I observe a bit more in that photo and notice there are people enjoying their day and a monstrous crane blocking majestic views in order to expand Seattle’s narrative of a city undergoing growing pains. And then there’s a laundry basket, on a sidewalk, tethered to someone going somewhere in a state of mind that is a complete mystery. But all of it seems so insanely normal.
Work in Progress
My style, or lack thereof, is still a very large work in progress. I’m not sure what is it I do with a camera, even when I’m capturing my family. The shortest version of phrasing I most often arrive at is something like “I document.” But I don’t want something more substantial that elevates the “normal” or "atypical.” Recently I read Noah Kalina describe photography as suffering, and that resonates because the act of creation is so volatile for me.
I’m usually in hot pursuit of capturing something I find meaningful, and meaningful, to me, is both delightful and agonizing. Sometimes a photograph is intriguing, but most often it’s freezing a scene I presently, today, in that exact time and place, find meaningful. And maybe the act of freezing time at that moment is my desperate attempt to recall that feeling. Or maybe it’s to experiment and see if I can extract an element of that feeling to make you feel something…similar.
Apologies if this entire paragraph is suffering.
I think the best photographs are those that come completely unscripted. This perspective is why I struggle as a portrait photographer or even a landscape photographer. I treasure light but am at my best when I “go with the flow.” I don’t see picture-making as creative direction; I see it as a hunt. And a lot of times there’s a lot of banality gathered in that hunt, like a crab fisherman potentially snagging an abundance of seaweed.

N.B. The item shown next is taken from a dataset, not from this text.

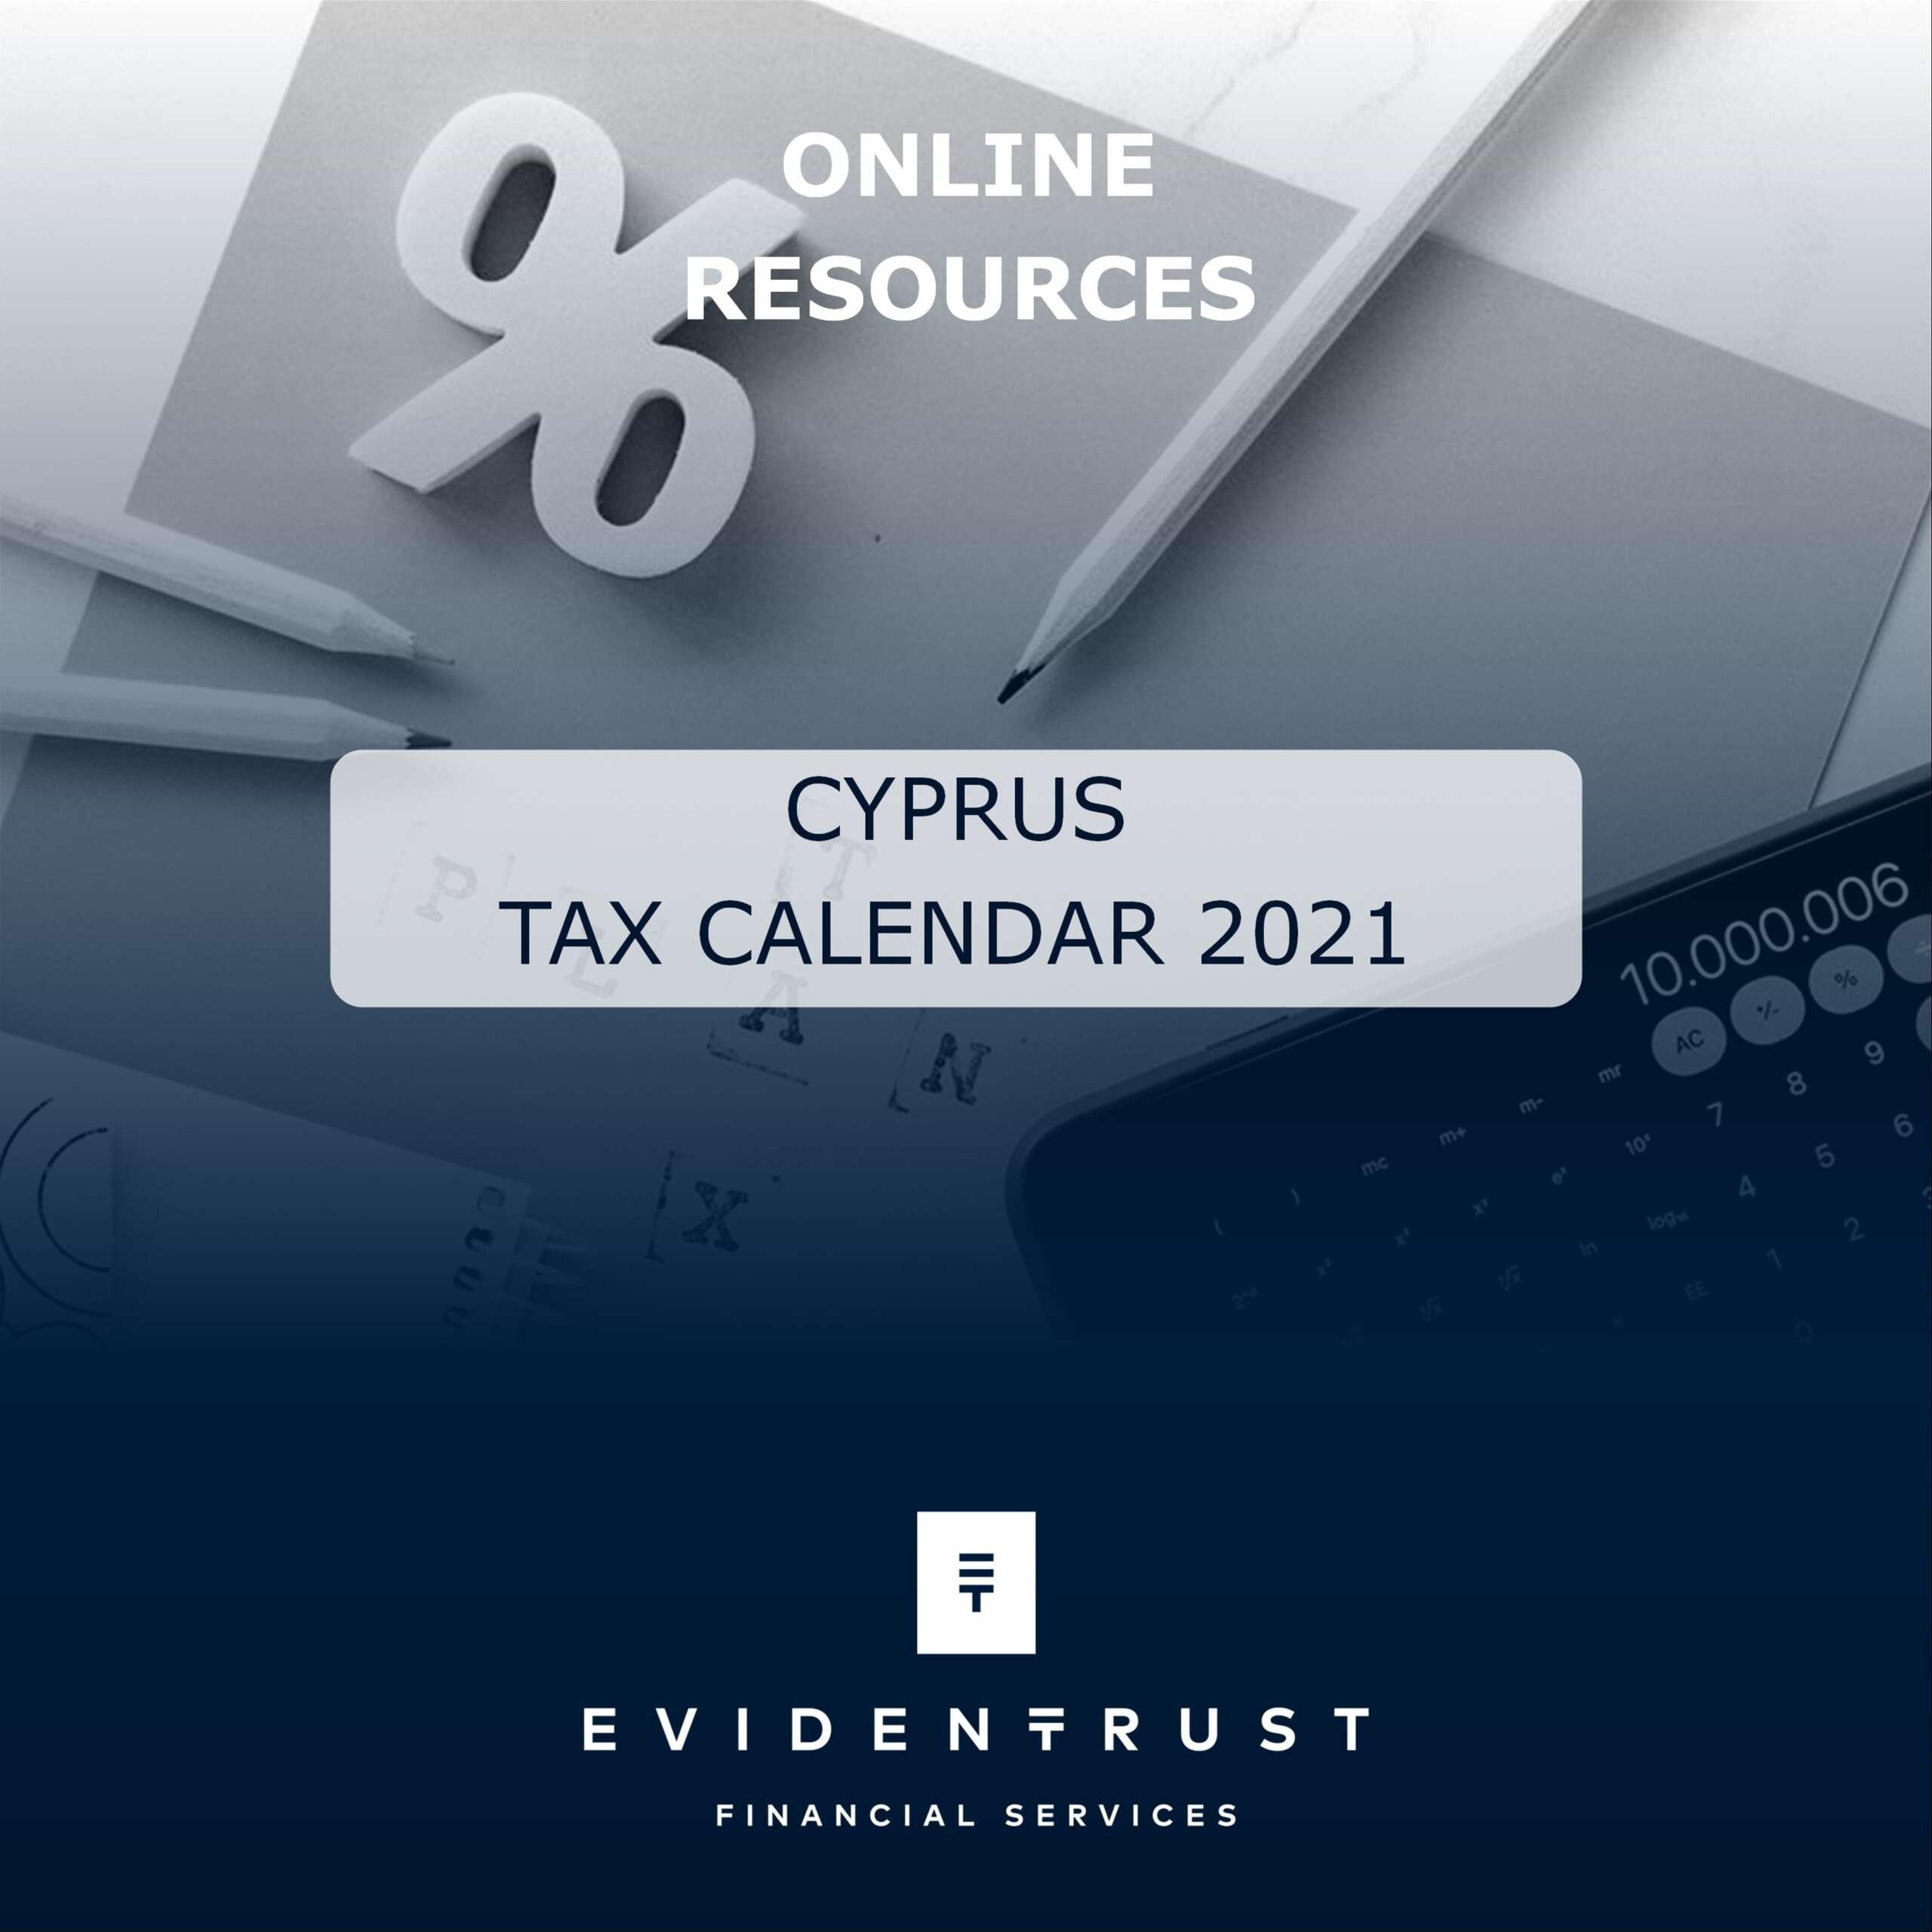 Tax Calendar 2021

Recently I came across an article reviewing 11 photographers that broke through to elevate the banal, like suburban life, modern life, the trivial, and the drab, and this short curation felt like a magical revelation. Every photographer listed seems to speak a language I understand. Delightful and agonizing. Meaningful suffering. Sensational banality. Because in the end, maybe our pursuit to be so unoriginal is the most normal thing of all. Let “banal” just flow.
Photographers, too, looked beyond city streets to explore the landscape and faces of suburbia—and continue to do so today. One of the first was the legendary William Eggleston, who found beauty in the banality of his Southern hometown in the 1970s; more recently, photographers Larry Sultan and Laura Migliorino have challenged the suburbs’ stock depictions in the media and popular culture. The picture-perfect, if superficial, suburban stereotypes have also inspired a slew of horror flicks and suspenseful dramas—think Disturbia, Desperate Housewives, and Stranger Things—and chilling cinematic images of domestic life by Gregory Crewdson and Holly Andres.

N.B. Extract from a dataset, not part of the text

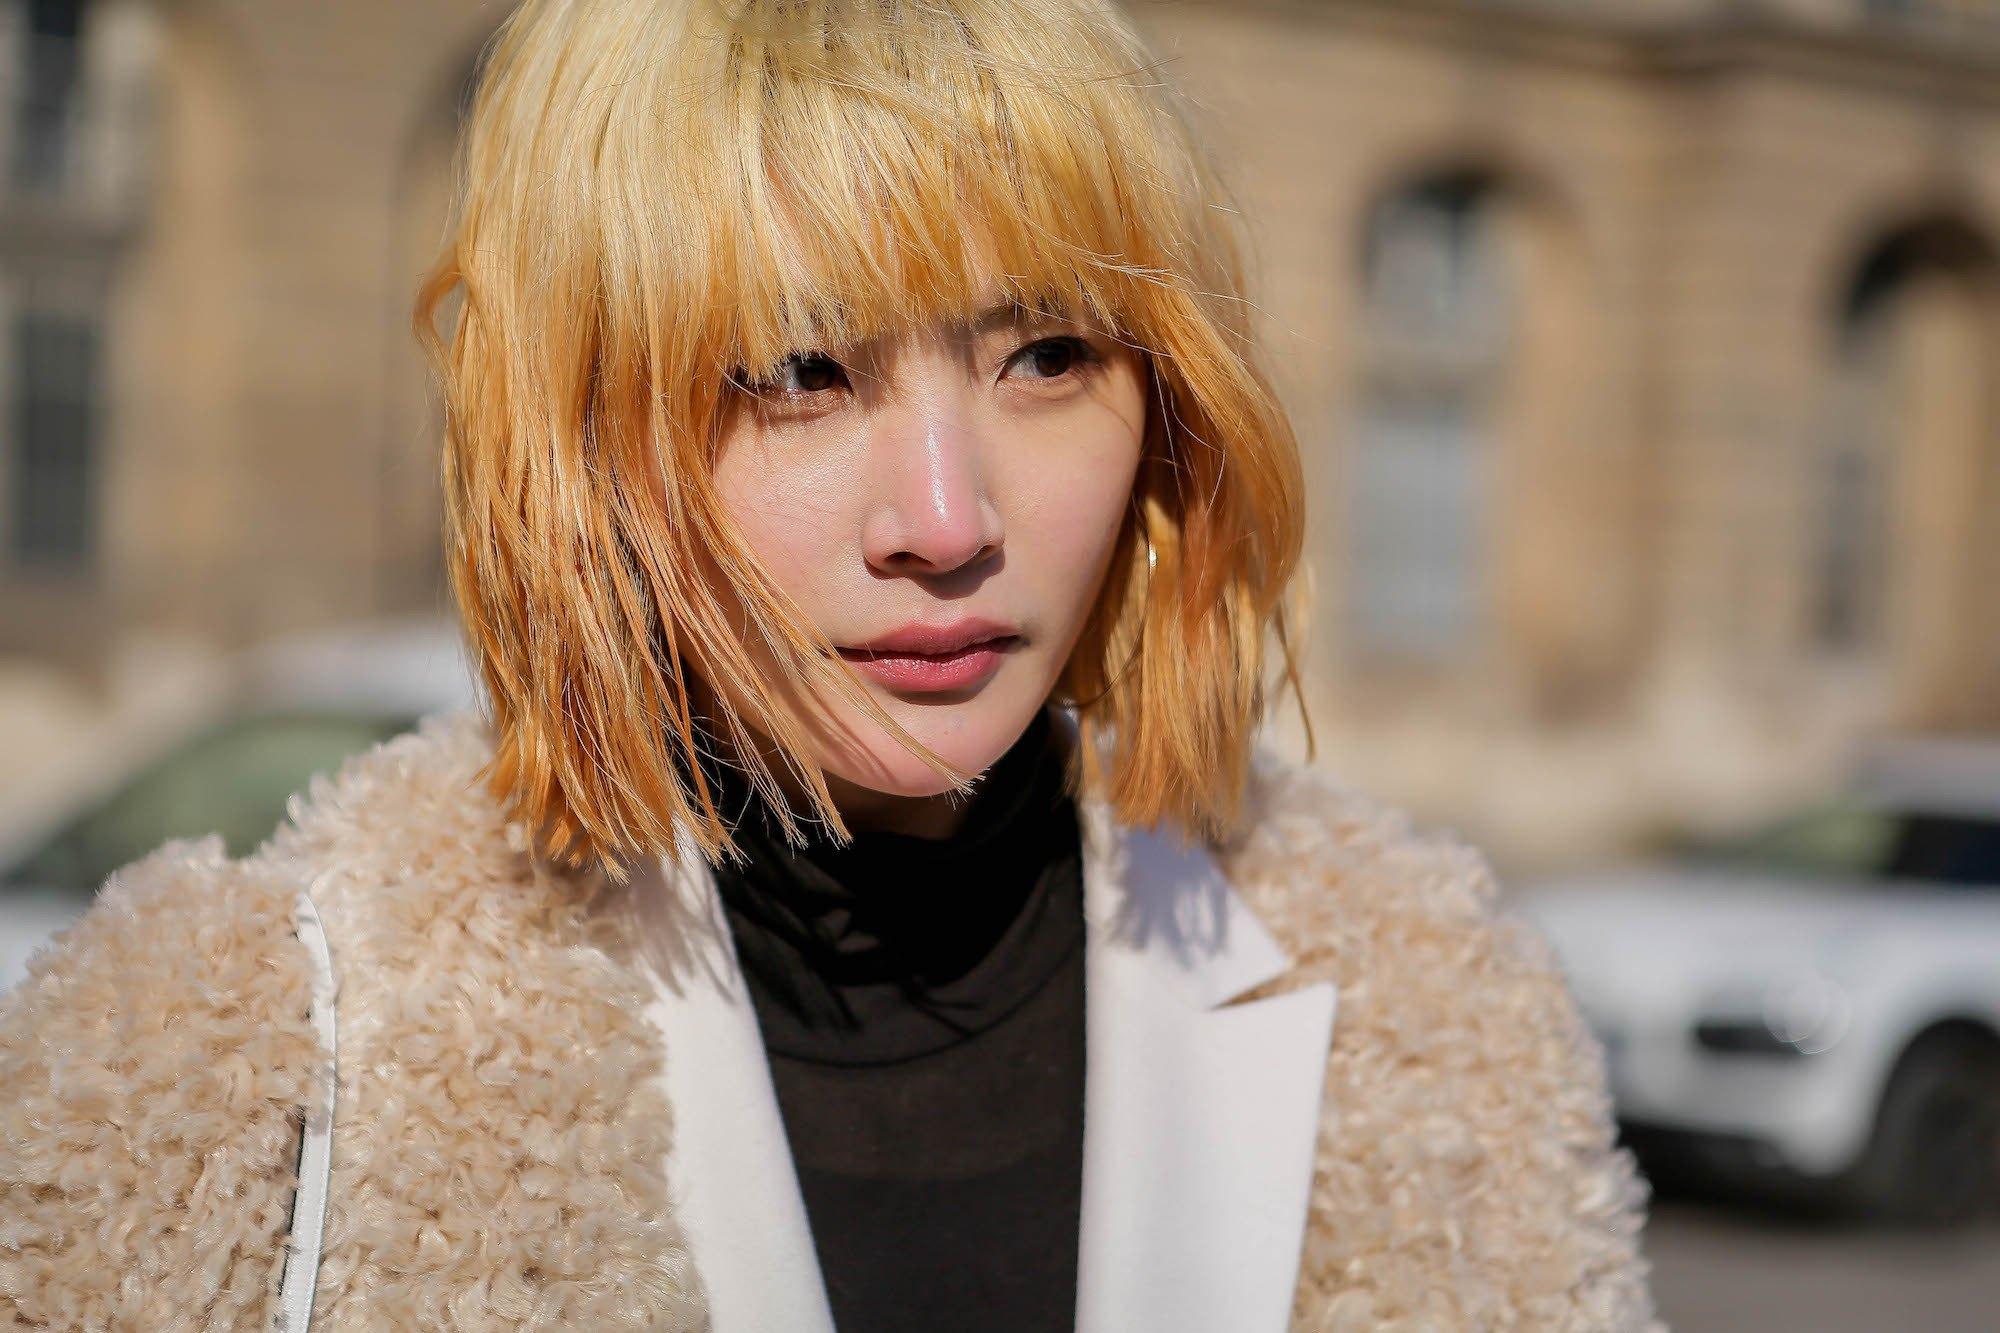 Wanita asia dengan warna rambut prang

What was top of mind this week?
I binge Smartless. The Kerry Washington episode was top of my fave list this week:
I watched NOPE, Dunkirk, and The Irishman in the last two weeks because of Smartless. Christopher Nolan, Jordan Peele, and Martin Scorcese. So. Good.
We’ve moved on from “quiet quitting” to “loud quitting”, which means employees truly give no fucks and it’s very liberating: https://www.cnbc.com/2023/06/28/employees-are-now-loud-quitting-heres-why-its-worse-than-quiet-quitting.html
I wanted to see Sofia Kourtesis at Capitol Hill Block Party this weekend but she had a visa snafu and [insert fart sound]. You should listen to her stuff:
Happy Sunday. Thank you again for reading. Much love.
"I think the best photographs are those that come completely unscripted". I thought about Jeff Wall when I read this. For years I believed most of his photos where taken "unscripted"... how wrong I was, he is the master of staging. Street photography is tricky.
PS. You should film one of Astrid's performances so we all get to enjoy her talent!